Reputation: 15718
So I have the data.frame
dat = data.frame(x = c('Sir Lancelot the Brave', 'King Arthur',
'The Black Knight', 'The Rabbit'), stringsAsFactors=F)
> dat
x
1 Sir Lancelot the Brave
2 King Arthur
3 The Black Knight
4 The Rabbit
And I want to transform it into the data frame
> dat2
x 1 2 3 4
1 Sir Lancelot the Brave Sir Lancelot the Brave
2 King Arthur King Arthur
3 The Black Knight The Black Knight
4 The Rabbit The Rabbit
strsplit returns the data as a list
sbt <- strsplit(dat$x, " ")
> sbt
[[1]]
[1] "Sir" "Lancelot" "the" "Brave"
[[2]]
[1] "King" "Arthur"
[[3]]
[1] "The" "Black" "Knight"
[[4]]
[1] "The" "Rabbit"
and as.data.table does not create NULL values where it should, but repeats values
> t(as.data.table(sbt))
[,1] [,2] [,3] [,4]
V1 "Sir" "Lancelot" "the" "Brave"
V2 "King" "Arthur" "King" "Arthur"
V3 "The" "Black" "Knight" "The"
V4 "The" "Rabbit" "The" "Rabbit"
I guess I really would like an argument to as.data.table(x, repeat=FALSE), else how can I accomplish this job?
Upvotes: 10
Views: 7264
Reputation: 4513
Here is a nice and simple approach with tidyr
.
library(tidyr)
ncol <- max(sapply(dat, length))
dat %>%
separate(x, paste0("V", seq(1,ncol)))
Note: You will get a warning, however, it is basically telling you that separate
is padding the data with NA
's. So you can ignore the warning.
Upvotes: 0
Reputation: 193527
This is an old question, I know, but I thought I would share two additional options.
concat.split
from my "splitstackshape" package was designed exactly for this type of thing.
library(splitstackshape)
concat.split(dat, "x", " ")
# x x_1 x_2 x_3 x_4
# 1 Sir Lancelot the Brave Sir Lancelot the Brave
# 2 King Arthur King Arthur
# 3 The Black Knight The Black Knight
# 4 The Rabbit The Rabbit
data.table
has recently (as of version 1.8.11, I believe) had some additions to its arsenal, notably in this case dcast.data.table
. To use it, unlist
the split data (as was done in @mnel's answer), create a "time" variable using .N
(how many new values per row), and use dcast.data.table
to transform the data into the form you are looking for.
library(data.table)
library(reshape2)
packageVersion("data.table")
# [1] ‘1.8.11’
DT <- data.table(dat)
S1 <- DT[, list(X = unlist(strsplit(x, " "))), by = seq_len(nrow(DT))]

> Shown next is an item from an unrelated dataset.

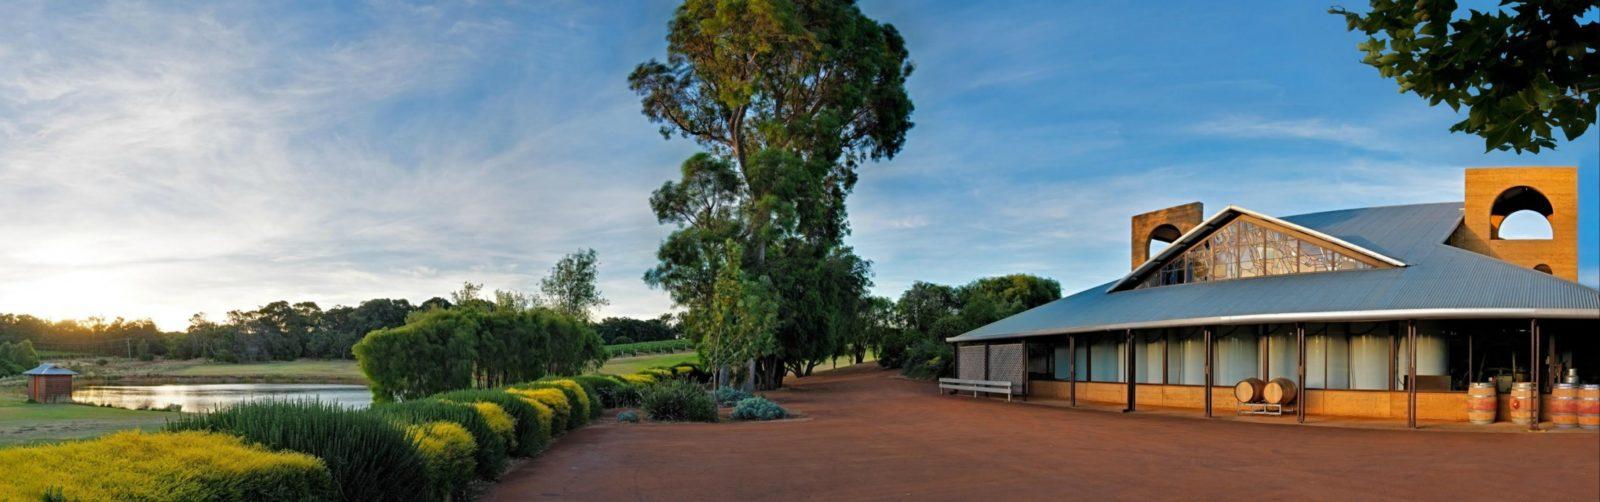 Lenton Brae, Wilyabrup, Western Australia

S1[, Time := sequence(.N), by = seq_len]
dcast.data.table(S1, seq_len ~ Time, value.var="X")
# seq_len 1 2 3 4
# 1: 1 Sir Lancelot the Brave
# 2: 2 King Arthur NA NA
# 3: 3 The Black Knight NA
# 4: 4 The Rabbit NA NA
Upvotes: 11
Reputation: 59602
sbt = strsplit(dat$x, " ")
sbt
#[[1]]
#[1] "Sir" "Lancelot" "the" "Brave"
#[[2]]
#[1] "King" "Arthur"
#[[3]]
#[1] "The" "Black" "Knight"
#[[4]]
#[1] "The" "Rabbit"
ncol = max(sapply(sbt,length))
ncol
# [1] 4
as.data.table(lapply(1:ncol,function(i)sapply(sbt,"[",i)))
# V1 V2 V3 V4
# 1: Sir Lancelot the Brave
# 2: King Arthur NA NA
# 3: The Black Knight NA
# 4: The Rabbit NA NA
Upvotes: 7
Reputation: 115390
Using data.table
as it appears you are trying to use it.
library(data.table)
DT <- data.table(dat)
DTB <- DT[, list(y = unlist(strsplit(x, ' '))), by = x]

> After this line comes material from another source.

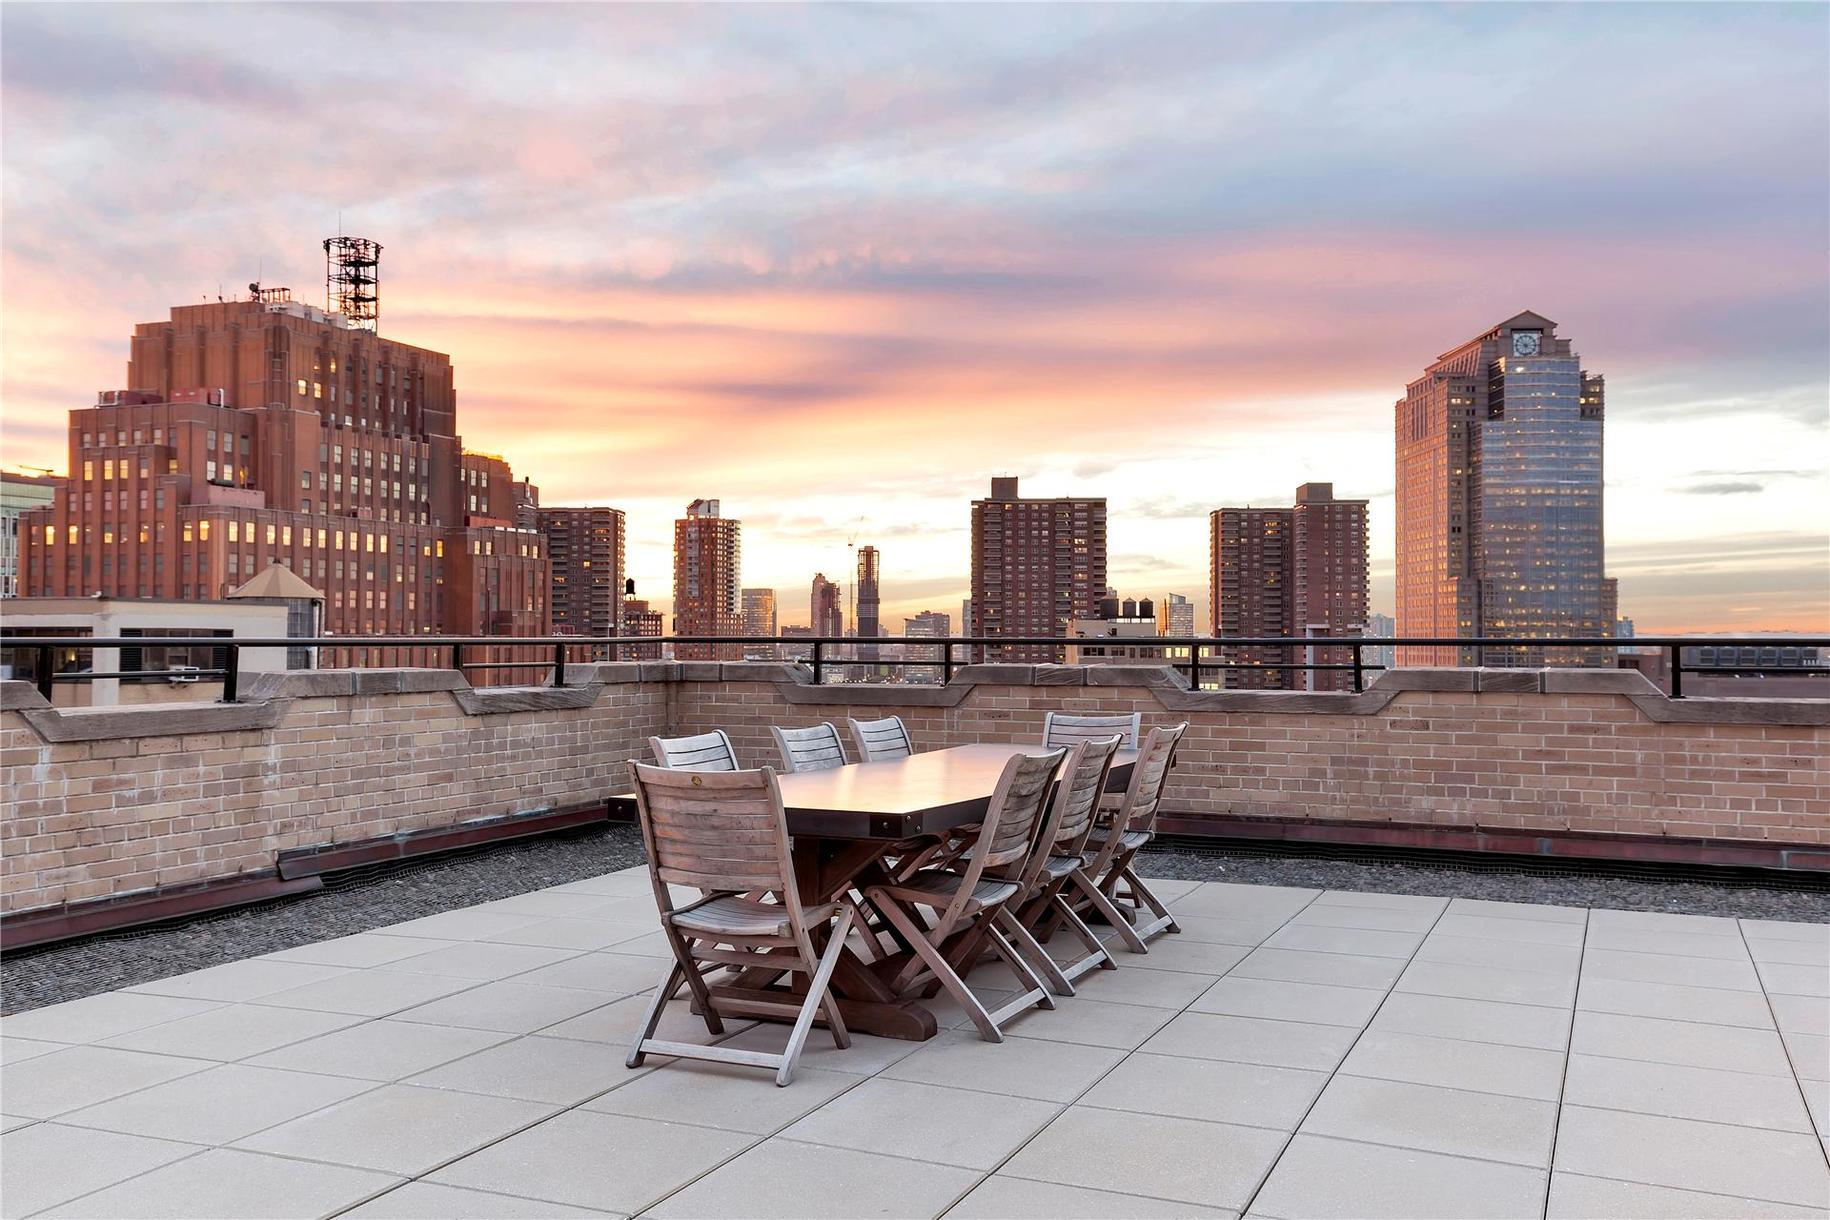 90 Franklin Street, Franklin Tower, Tribeca, trophy condo, Cool Listings, Isabel Rose, Rose Associates, Mariah Carey

new <- rep(NA_character_, DTB[,.N,by =x][which.max(N), N])
names(new) <- paste0('V', seq_along(new))
DTB[,{.new <- new
.new[seq_len(.N)] <- y
as.list(.new)} ,by= x]
Or using reshape2
dcast
to reshape
library(reshape2)
dcast(DTB[,list(id = seq_len(.N),y),by= x ], x ~id, value.var = 'y')
Upvotes: 2
Reputation: 162321
Here's one option. The single complication is that you need to first convert each vector to a data.frame with one row, as data.frames are what rbind.fill()
expects.
library(plyr)
rbind.fill(lapply(sbt, function(X) data.frame(t(X))))
# X1 X2 X3 X4
# 1 Sir Lancelot the Brave
# 2 King Arthur <NA> <NA>
# 3 The Black Knight <NA>
# 4 The Rabbit <NA> <NA>
My own inclination, though, would be to just use base R, like this:
n <- max(sapply(sbt, length))
l <- lapply(sbt, function(X) c(X, rep(NA, n - length(X))))
data.frame(t(do.call(cbind, l)))
# X1 X2 X3 X4
# 1 Sir Lancelot the Brave
# 2 King Arthur <NA> <NA>
# 3 The Black Knight <NA>
# 4 The Rabbit <NA> <NA>
Upvotes: 10